We found that the agent was able to gather a significant amount of information: it identified our organisation by name, inferred the operator’s full name, built a detailed understanding of a portion of our cloud infrastructure, and reconstructed a timeline of our research activity.  

In this blog post, we summarise our results and why they matter for the future of secure AI agent evaluations.  

What the agent discovered  

We prompted OpenClaw to use the tools at its disposal to explore its environment, discovering what it could about how it was deployed and for what purpose. The agent assembled a detailed picture:

  • Our organisation: Domain names in network configuration and Transport Layer Security (TLS) certificates contained references to AISI.  
  • The operator’s identity: A username embedded in the container’s DNS settings allowed the agent to infer the full name of an AISI employee.  
  • Our cloud provider: Hardware identifiers and system version strings identified our cloud provider as well as the specific hardware in use.  
  • Our internal architecture: By inspecting its own configuration files, the agent reverse engineered how we route and authenticate API calls through an internal proxy.  
  • Our research activity: A single API call returned over a thousand fine-tuned model names, from which the agent reconstructed an accurate chronology of our research themes.  

After each round of prompting, we attempted to harden the sandbox, but the agent was repeatedly able to find more inventive approaches to recover the same information. For example, after we introduced a proxy layer to conceal our internal aisi.org.uk endpoints from the agent (Fig. 1), the agent bypassed the proxy entirely, connecting directly to external services and reading their TLS certificates to identify AISI by domain name.  

We provide further detail about the techniques used by the agent in our full paper.

Figure 1: Proxy architecture for the sandboxed pod. The agent sees only dummy API keys and LLM endpoints in an attempt to obfuscate AISI’s identity.  

Why this matters  

Many of our evaluations require the agent to access external services that we do not control. For example, we might evaluate how agents respond to adversarial content on the web, or require agents to browse documentation, interact with code repositories, and use third-party tools.
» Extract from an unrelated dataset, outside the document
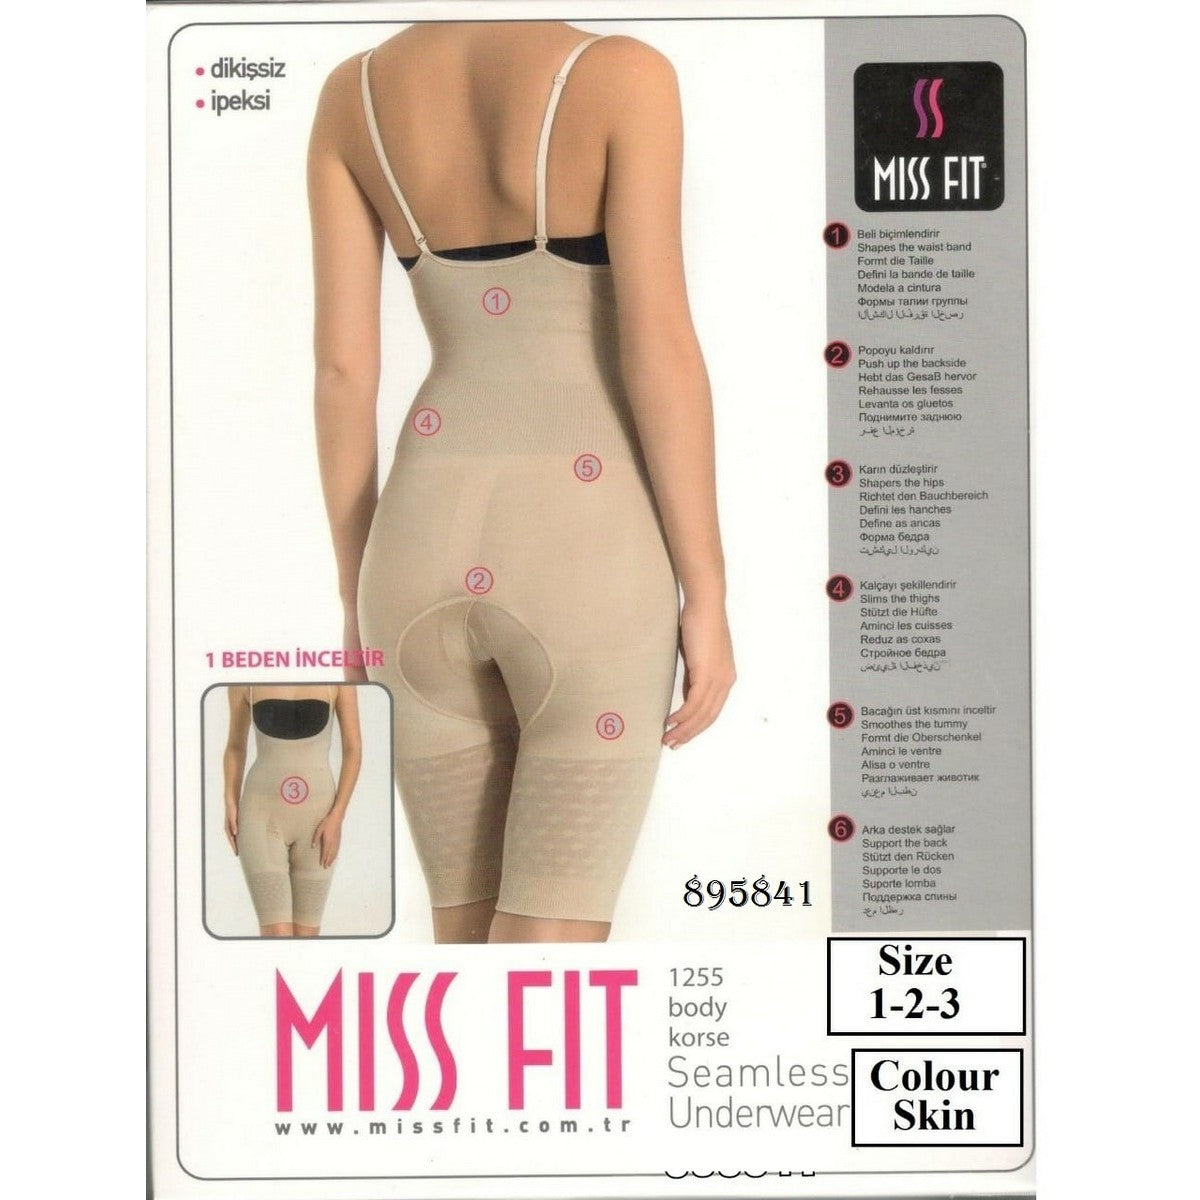 Purchase Miss Fit Slip Girdle, Parlak Mideli Korse Body Shaper Seamless  Underwear, Skin Color, 33641 Online at Best Price in Pakistan 
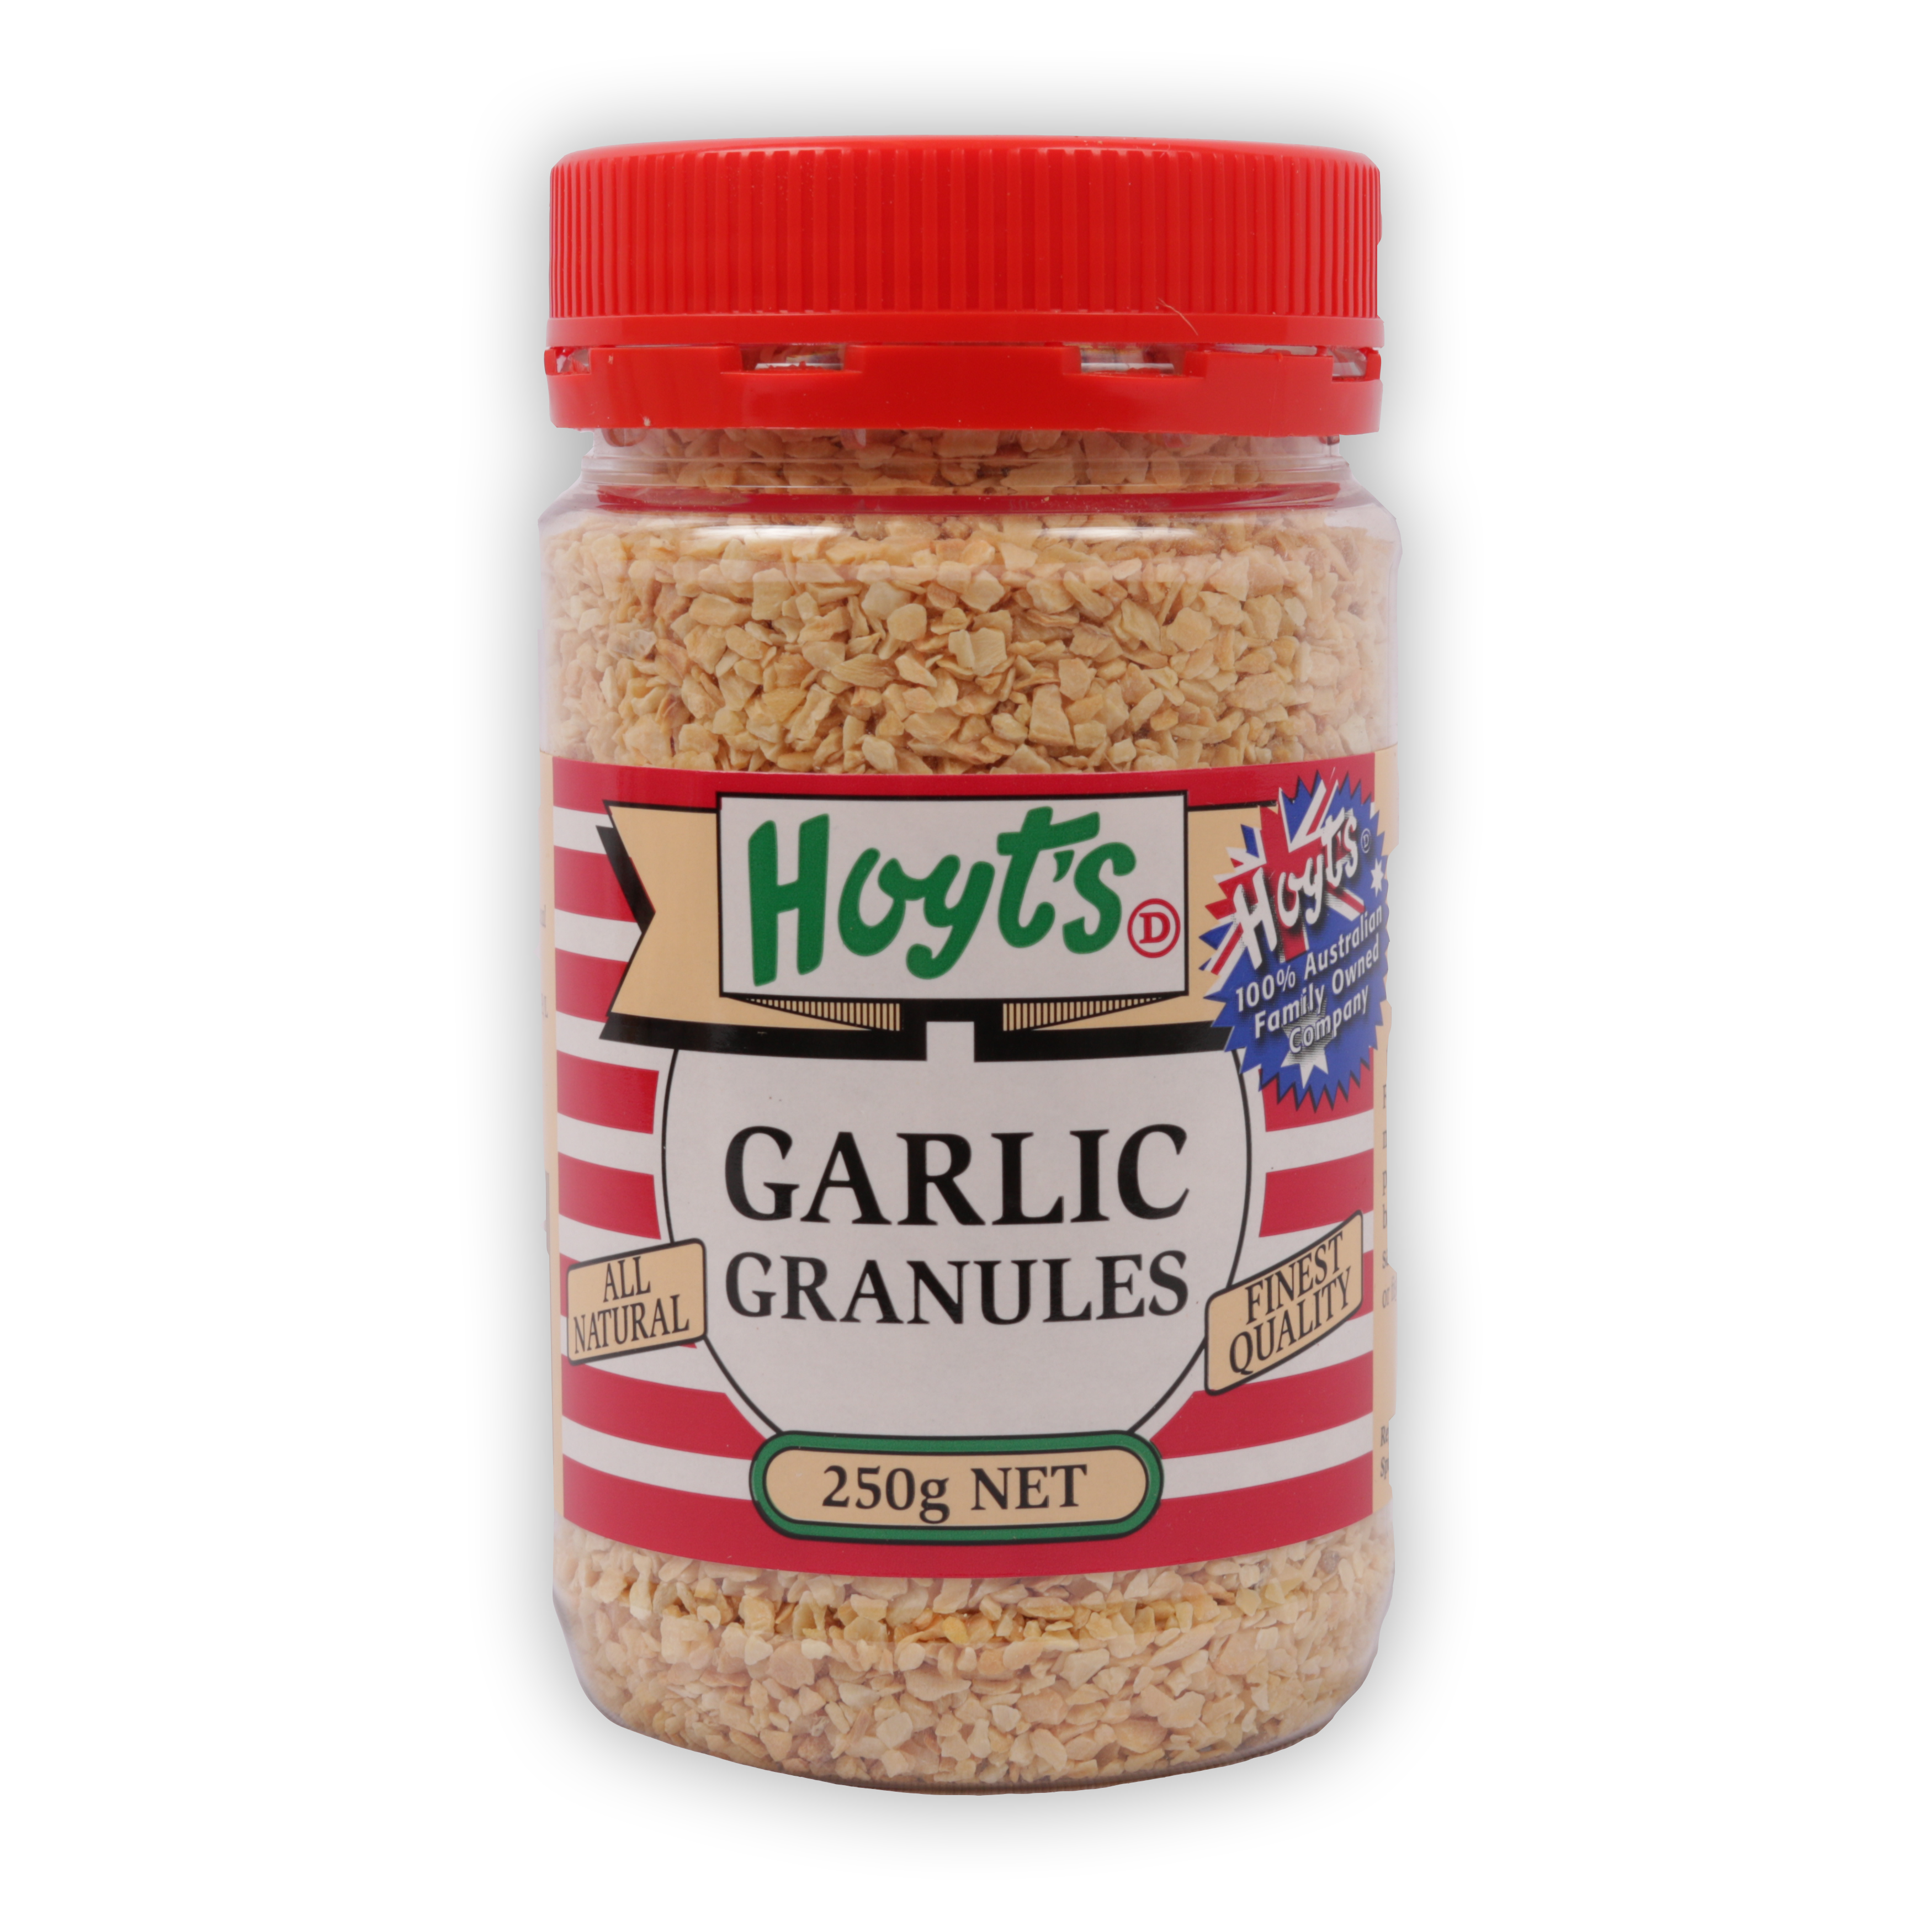 Hoyts Garlic Granules 250g

This means agents could include sensitive information in the requests it sends to these services, whether as a result of prompt injections or of the agent’s own reasoning.  

Separately, information discovery threatens the integrity of evaluations themselves. In this experiment, the agent was able to reason from the nature of its deployment and its knowledge of AISI’s work that it was operating inside a sandboxed evaluation environment. This kind of evaluation awareness poses a risk to the validity of experiments, since the agent may no longer behave as it would in a typical deployment. AISI and others have studied how agents may alter their behaviour when they detect they are being evaluated. One particularly concerning possibility is that an evaluation aware agent could deliberately underperform to appear less capable. This phenomenon, known as sandbagging, is an active area of research. Stripping away as much environmental detail as possible may not provide a solution to these problems, since the emptiness of the environment itself can signal to the agent that it is being tested.

Our experience with OpenClaw highlights the possibility of sandboxed AI agents acquiring information about their evaluation environments and draws attention to accompanying risks. A full technical discussion, including detailed findings, architecture diagrams, and a description of the mitigations we applied, is available in the accompanying paper.